**Assignment:** All of the data, except its images, should be set down exactly as it appears.

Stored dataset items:
<<<<

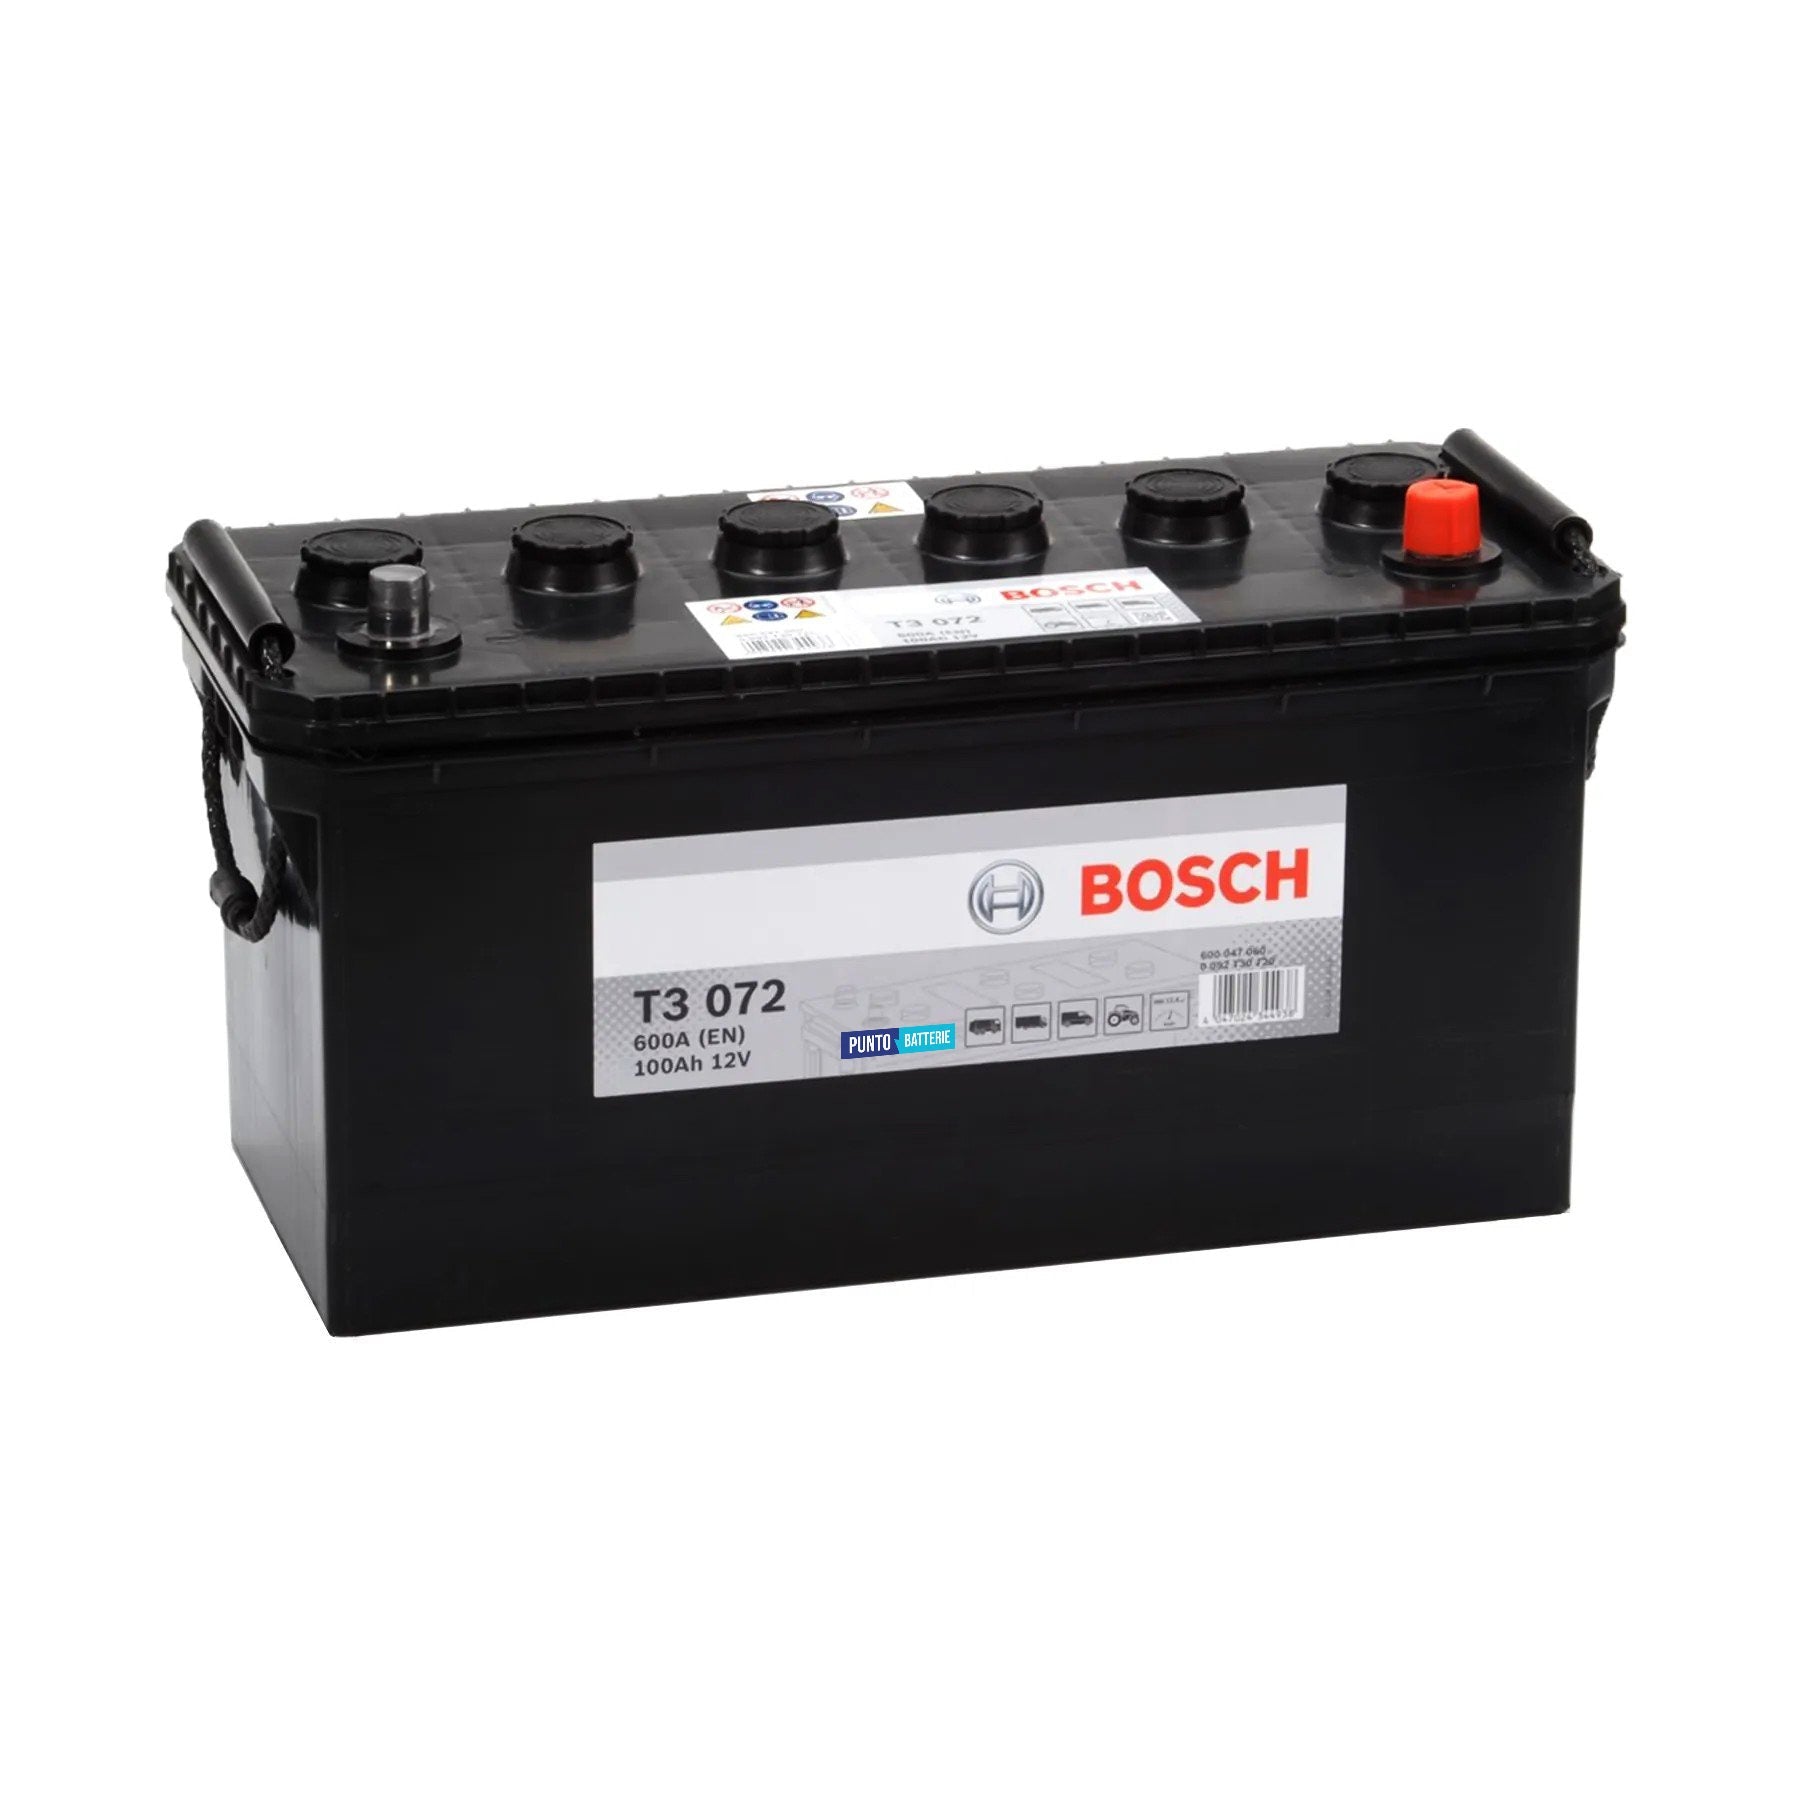 Batteria originale Bosch T3 T3072, dimensioni 412 x 175 x 219, polo positivo a destra, 12 volt, 100 amperora, 600 ampere. Batteria per camion e veicoli pesanti.
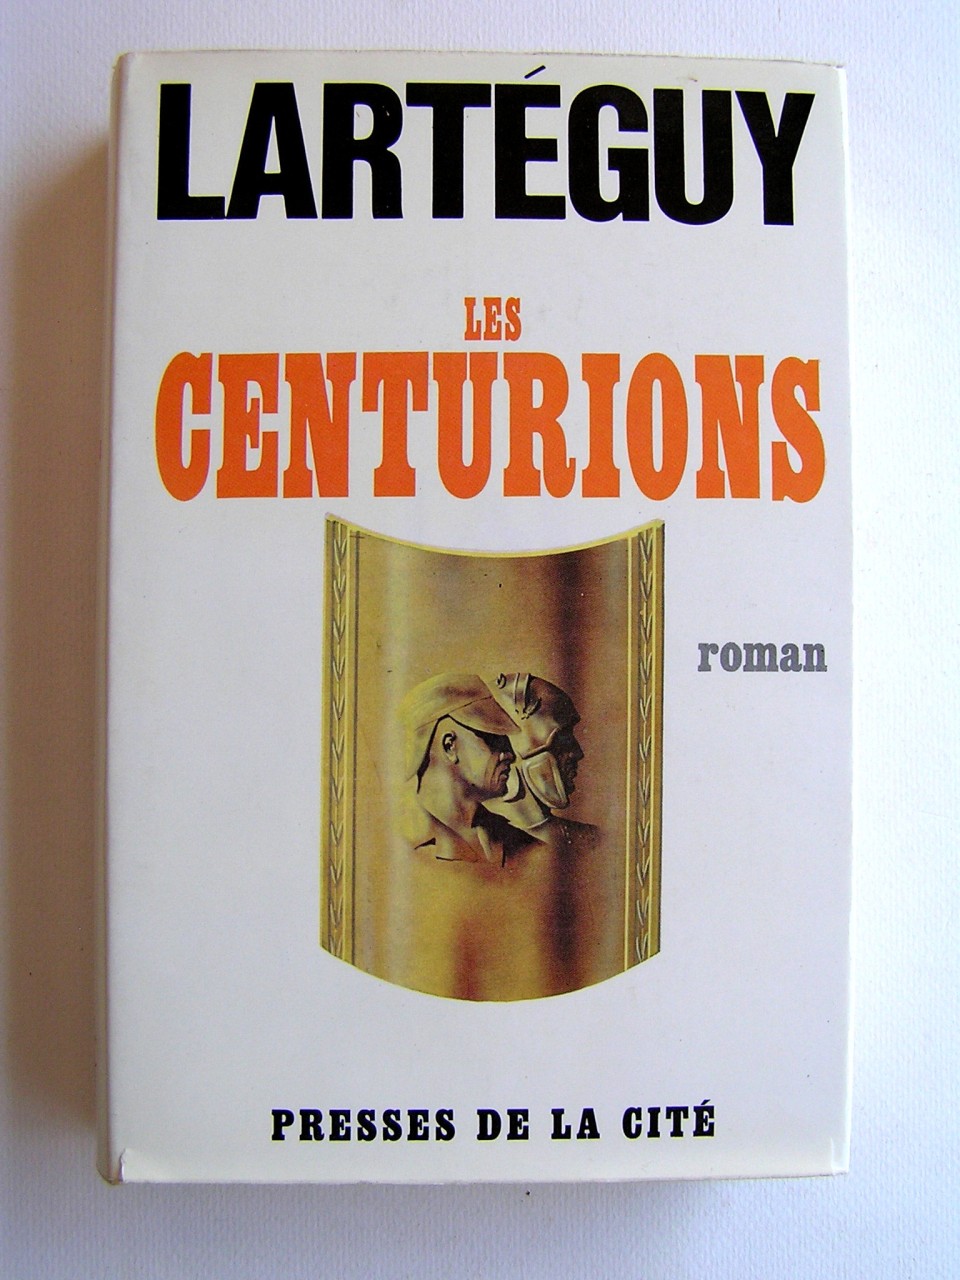  LES CENTURIONS 
---- 
Jean LARTEGUY
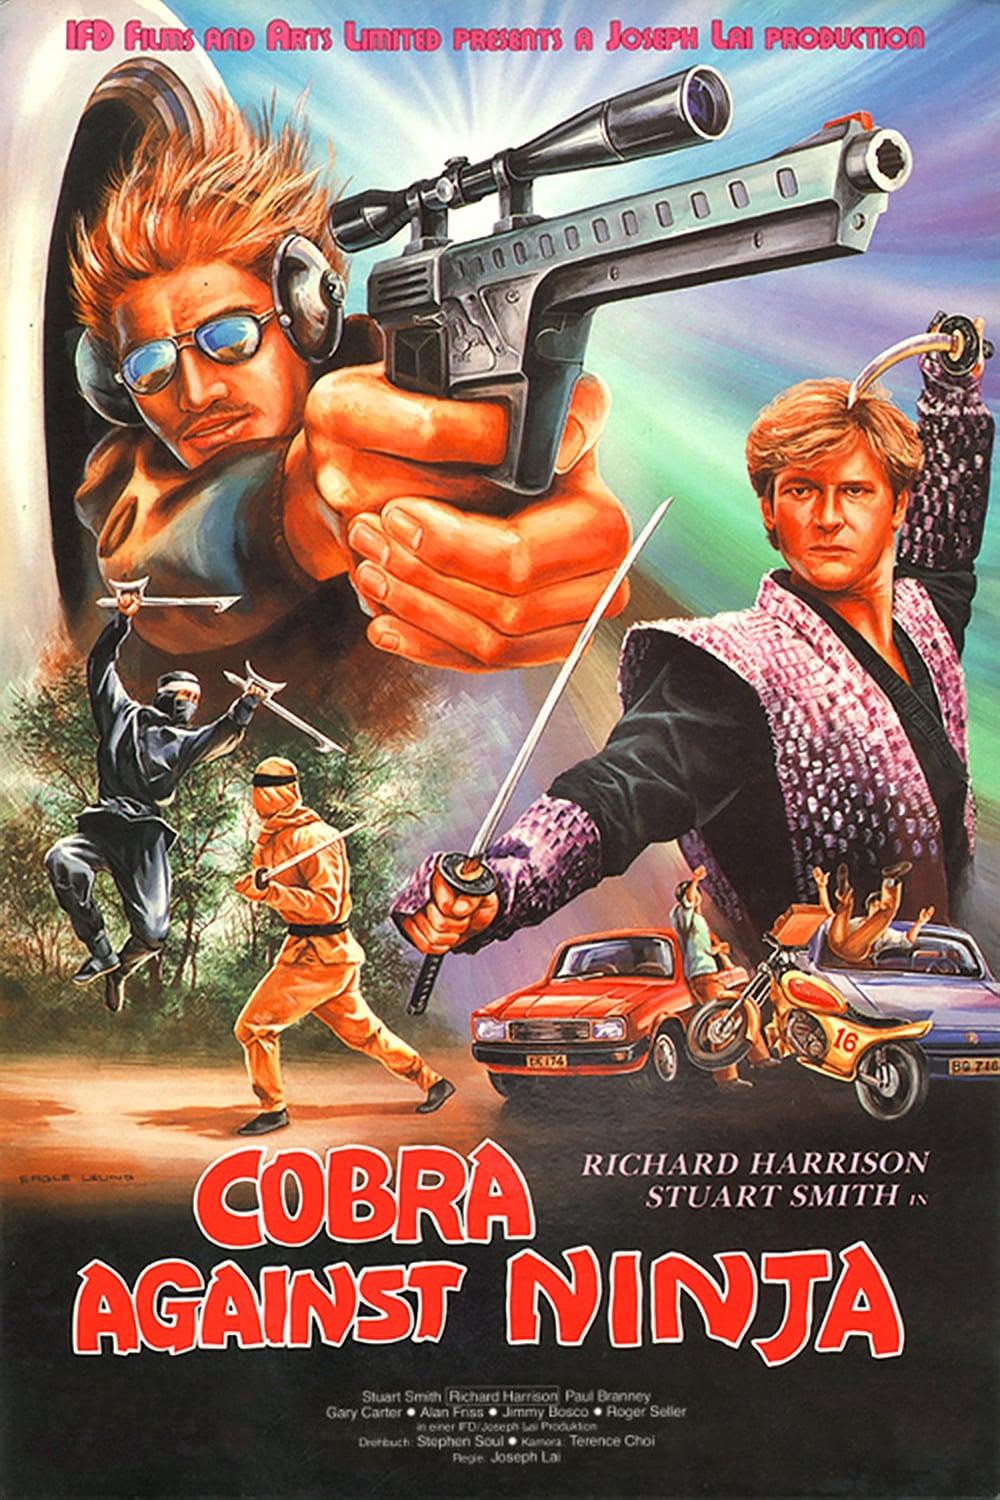 Cobra Against Ninja poster
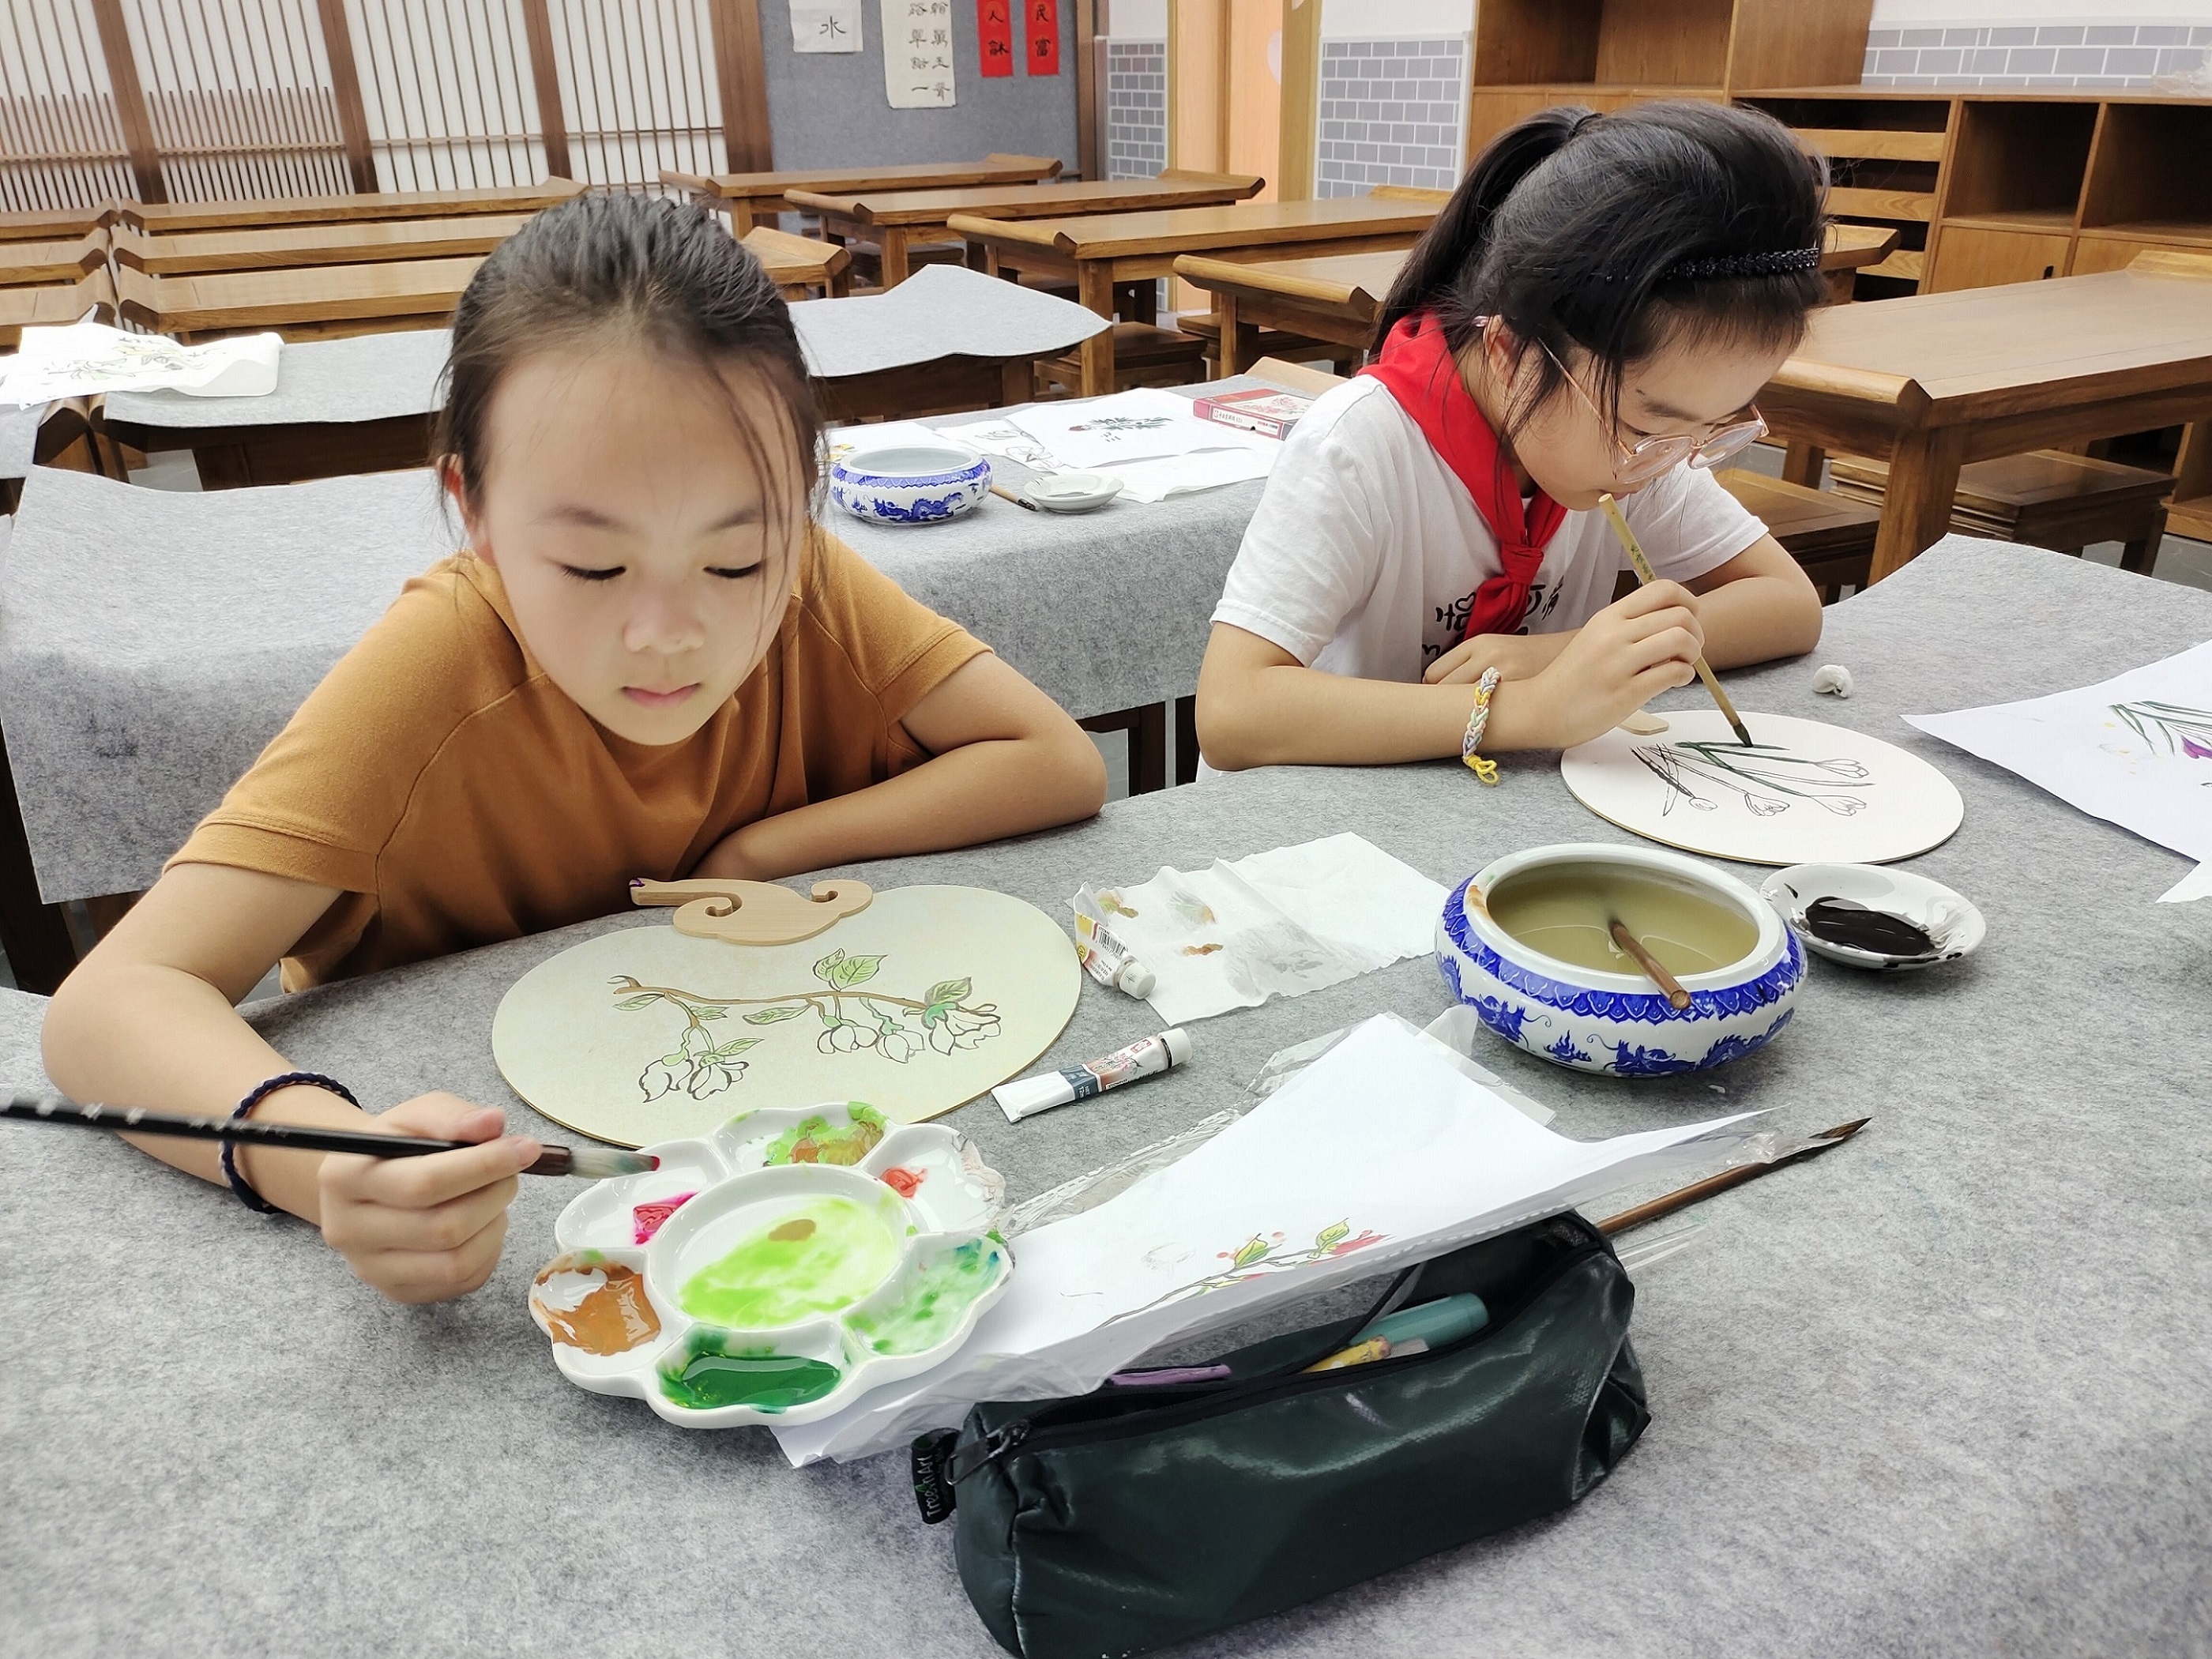 张家港市城南小学重视传统文化教育，依托“儿童问学”科学课程项目，开设系列实践课，让中华优秀传统文化活起来、立起来。图：绘制中草药团扇

>>>>

**Answer space:**
 Batteria originale Bosch T3 T3072, dimensioni 412 x 175 x 219, polo positivo a destra, 12 volt, 100 amperora, 600 ampere. Batteria per camion e veicoli pesanti.
  LES CENTURIONS 
---- 
Jean LARTEGUY
 Cobra Against Ninja poster
 张家港市城南小学重视传统文化教育，依托“儿童问学”科学课程项目，开设系列实践课，让中华优秀传统文化活起来、立起来。图：绘制中草药团扇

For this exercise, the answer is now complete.